A Welsh couple I met in Spain told me that in Wales, you can’t let the rain get to you, or else you’ll never leave the house. It’s another in a long list of things we can probably learn from the Welsh. I muster up a bit of motivation and rain gear and decide to take a day-trip to Braga - a pretty northern town with a rich ecclesiastical
past. The train takes us past small country homes with tidy little gardens out front. Grape vines wrap around trellises that rise on terraced steps up the hillsides. The rain is falling steadily, in buckets. To my surprise, there are neither blue skies nor rainbows when we reach Braga, an hour to the north of Porto. The clouds are the color of a battleship, people are huddled beneath umbrellas and raincoats, and there’s not a tourist in sight.
In the right light, it must be a lovely town. Everywhere the distinctive
calçada are in abundance - the mosaics of white and black stones that pepper the sidewalks. Bell towers and church spires soar into the sky, bright
azulejos adorn the façades. Really, I can see the appeal. Large portions of the historic center are closed to traffic, but while they might be perfect for an afternoon stroll on a bright spring afternoon, today they’re pelted with rain that runs in rivulets down the grooves in the
calçada.
I duck into a café not far from the cathedral. It’s crowded and thick with smoke, and you get the sense that half of Braga is trying to avoid
the rain. Dour women stir their coffees with little spoons. A congress of old men has monopolized a corner of the room without a single cup between them. There’s a fusty old fellow in a white short-sleeve shirt and black bowtie working the floor. He moves in quick, powerful bursts between the tables; he has the square shoulders and compact body of an All-Pro fullback. His serving tray is covered with coins, so that he can make change in mid-stride, without reaching into his pocket. He takes my order with a brusque nod; he takes my money with the same. Outside a woman in a shapeless coat is shaking the rain from her umbrella, giving the sky the sorts of disapproving looks she might give a misbehaving grandson.

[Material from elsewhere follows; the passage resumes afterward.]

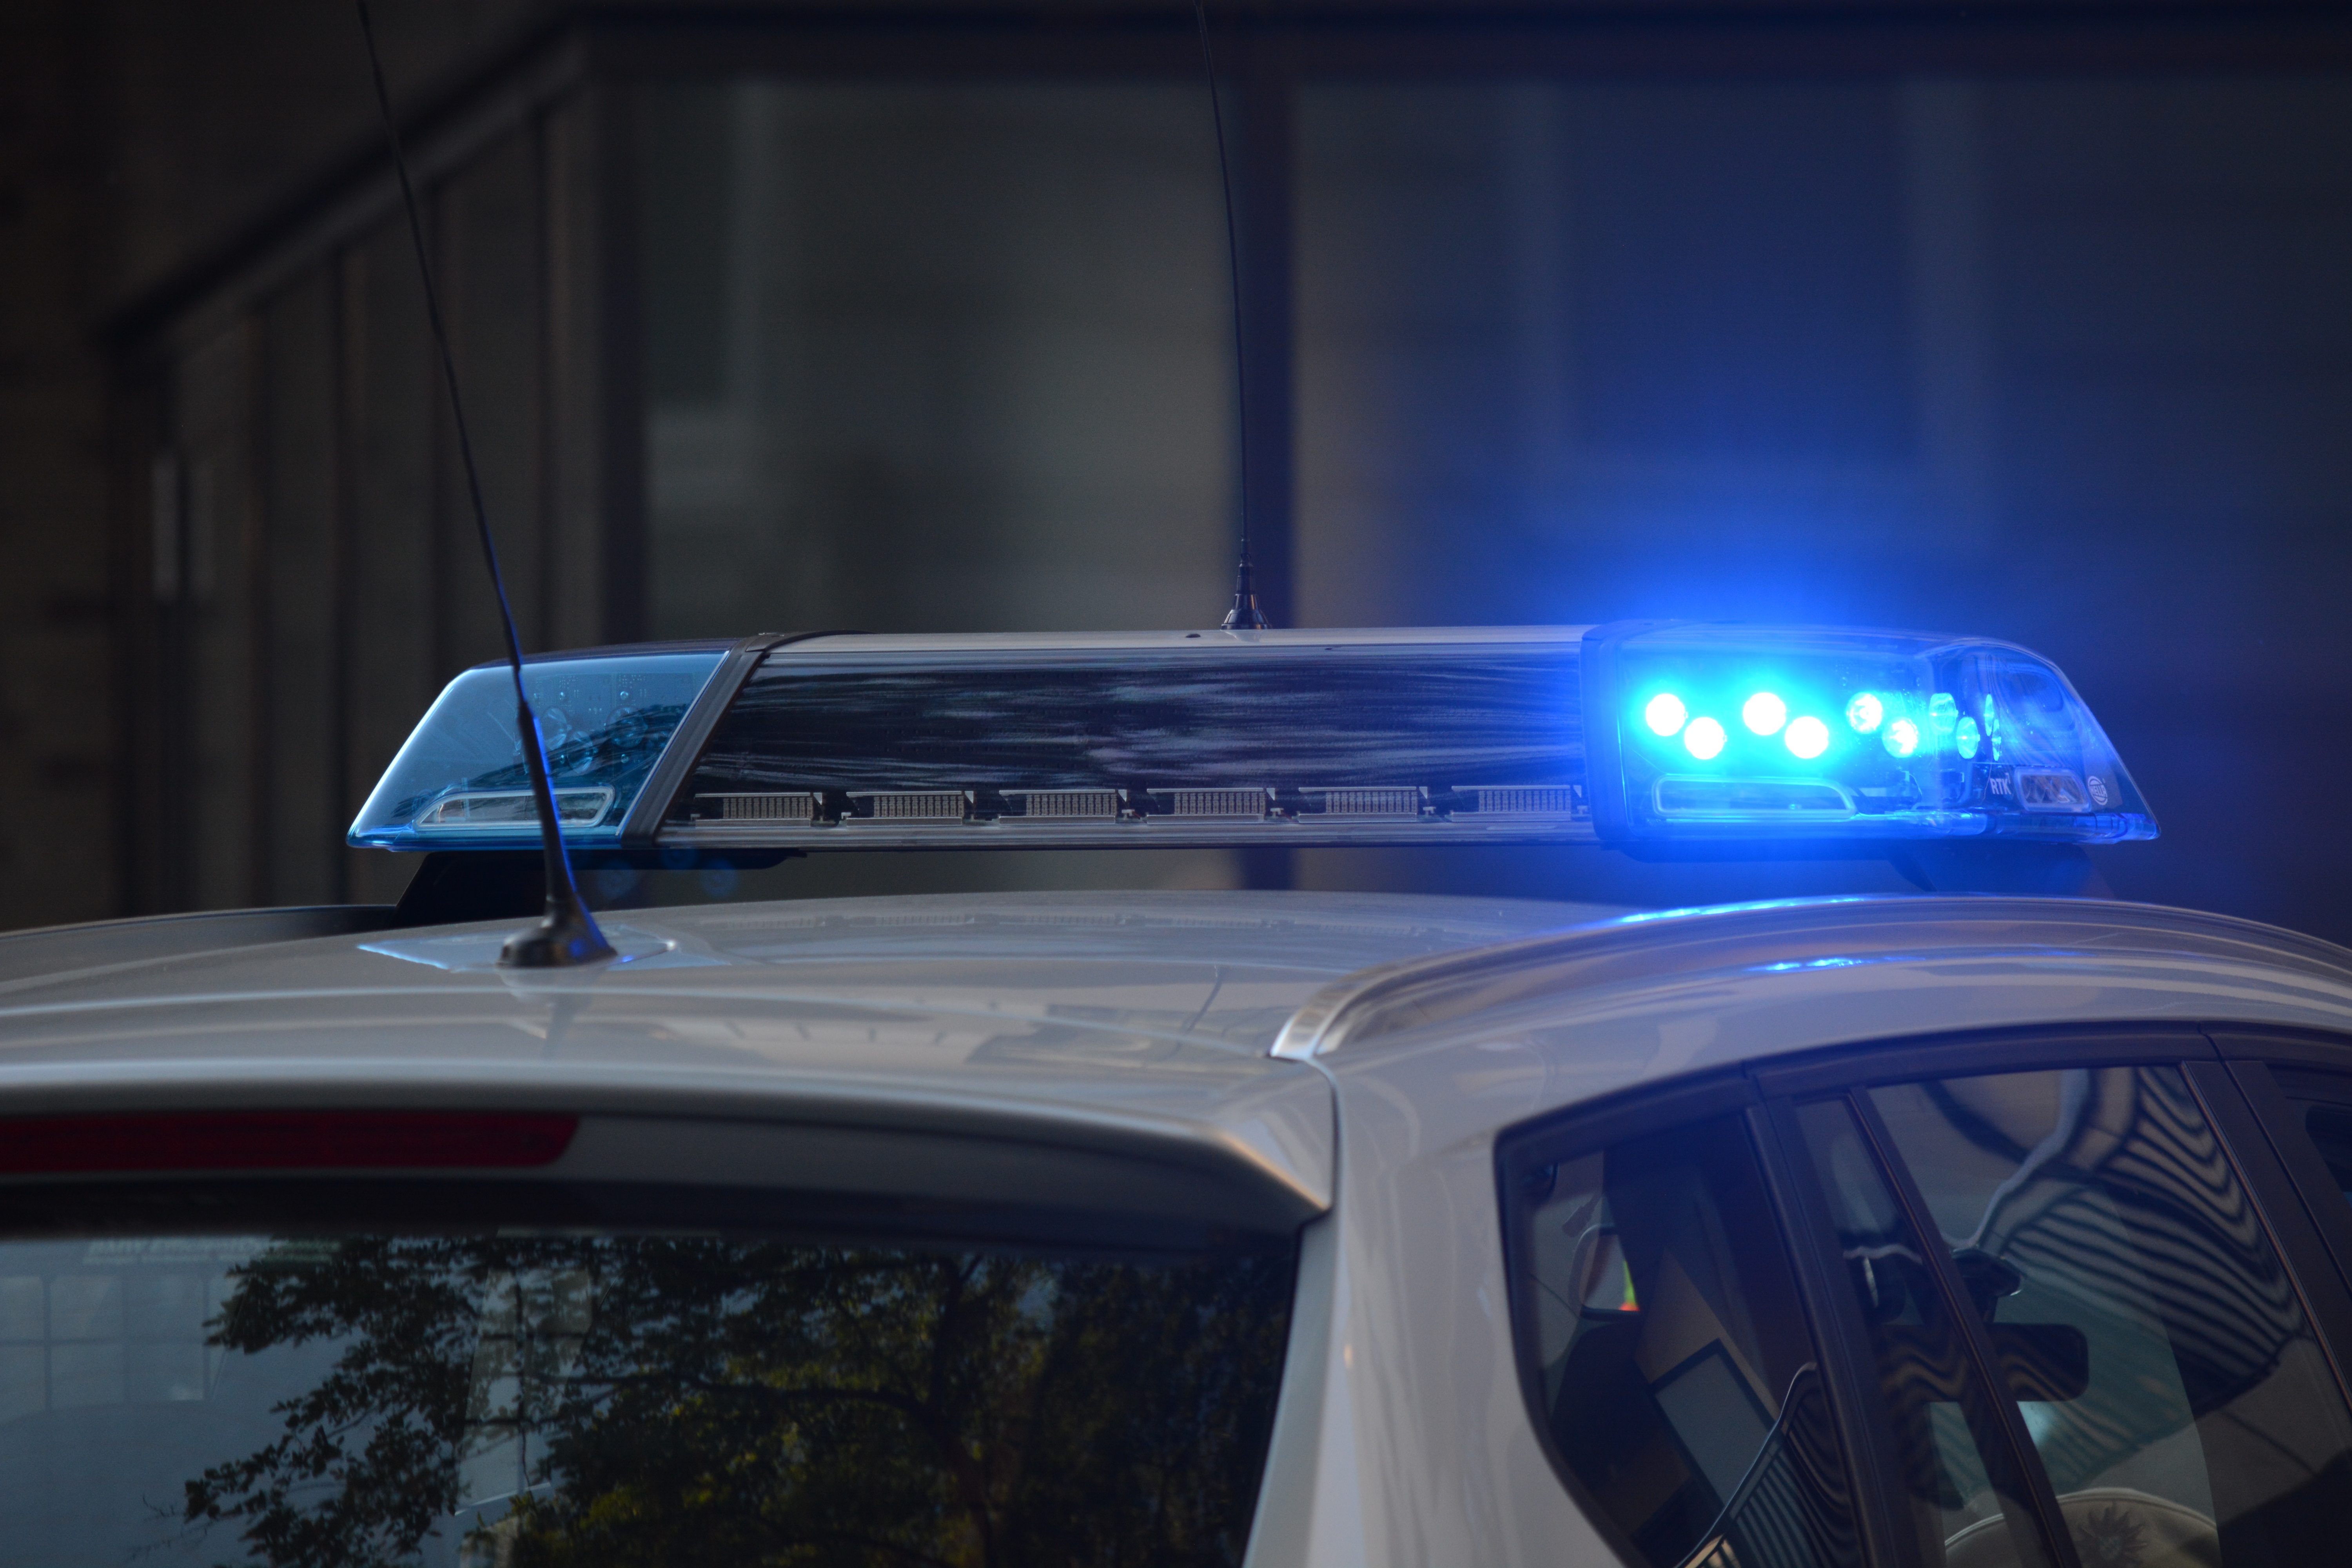 Fastnachtswagen in Nannhausen kippt um – Insassen verletzt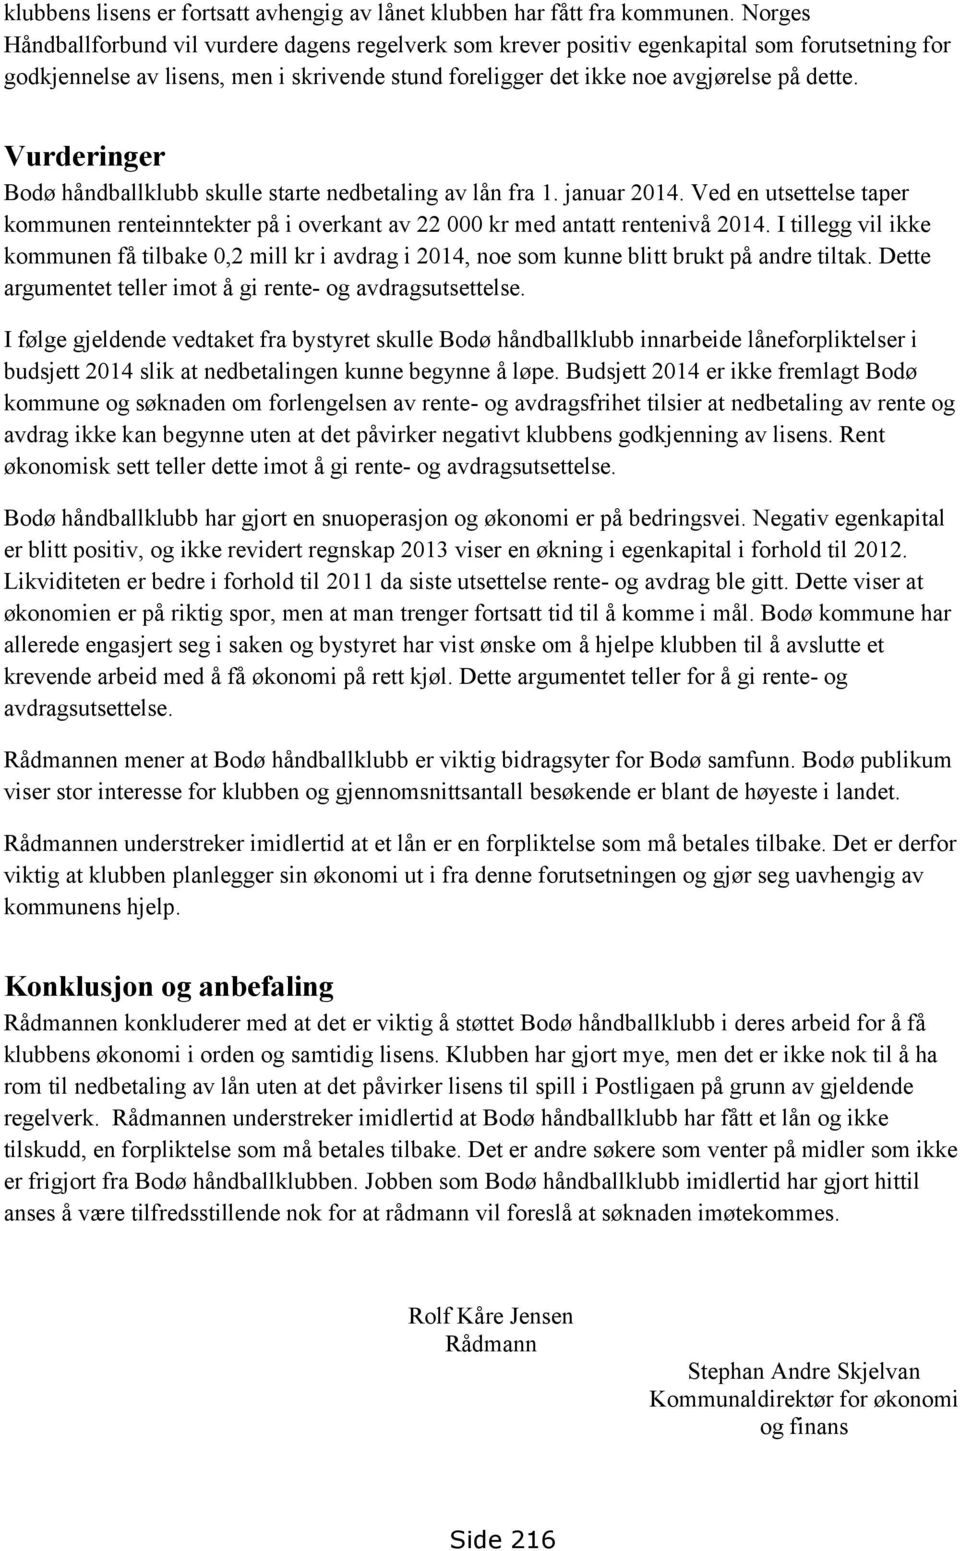 Vurderinger Bodø håndballklubb skulle starte nedbetaling av lån fra 1. januar 2014. Ved en utsettelse taper kommunen renteinntekter på i overkant av 22 000 kr med antatt rentenivå 2014.

Not far from the plaza I find a garden filled with blossoms that break the monochrome of this gray, dreary day. There are workers tending the grounds, planting optimistic little bulbs and shoots into the soil. I sit beside a fountain and watch them work: laying out the rows with a length of rope, hunching over to dig the roots in. A woman in slick, knee-high galoshes is giving me
looks - a strange sight with my bright Marmot jacket, sitting in the rain. There are a few exchanges with a mirthful old man in a brown vest and hat. I can picture the two of them swapping gossip over some country fence in Alentejo. Now and then they come to rinse their hands in the fountain, eyeing the sky which has opened up again with a burst. I run for cover under a canopy of trees nearby, while in the garden, unmoved by the rain, the workers are bending and squatting over the soil, patting it down and trudging to the fountain to rinse their hands.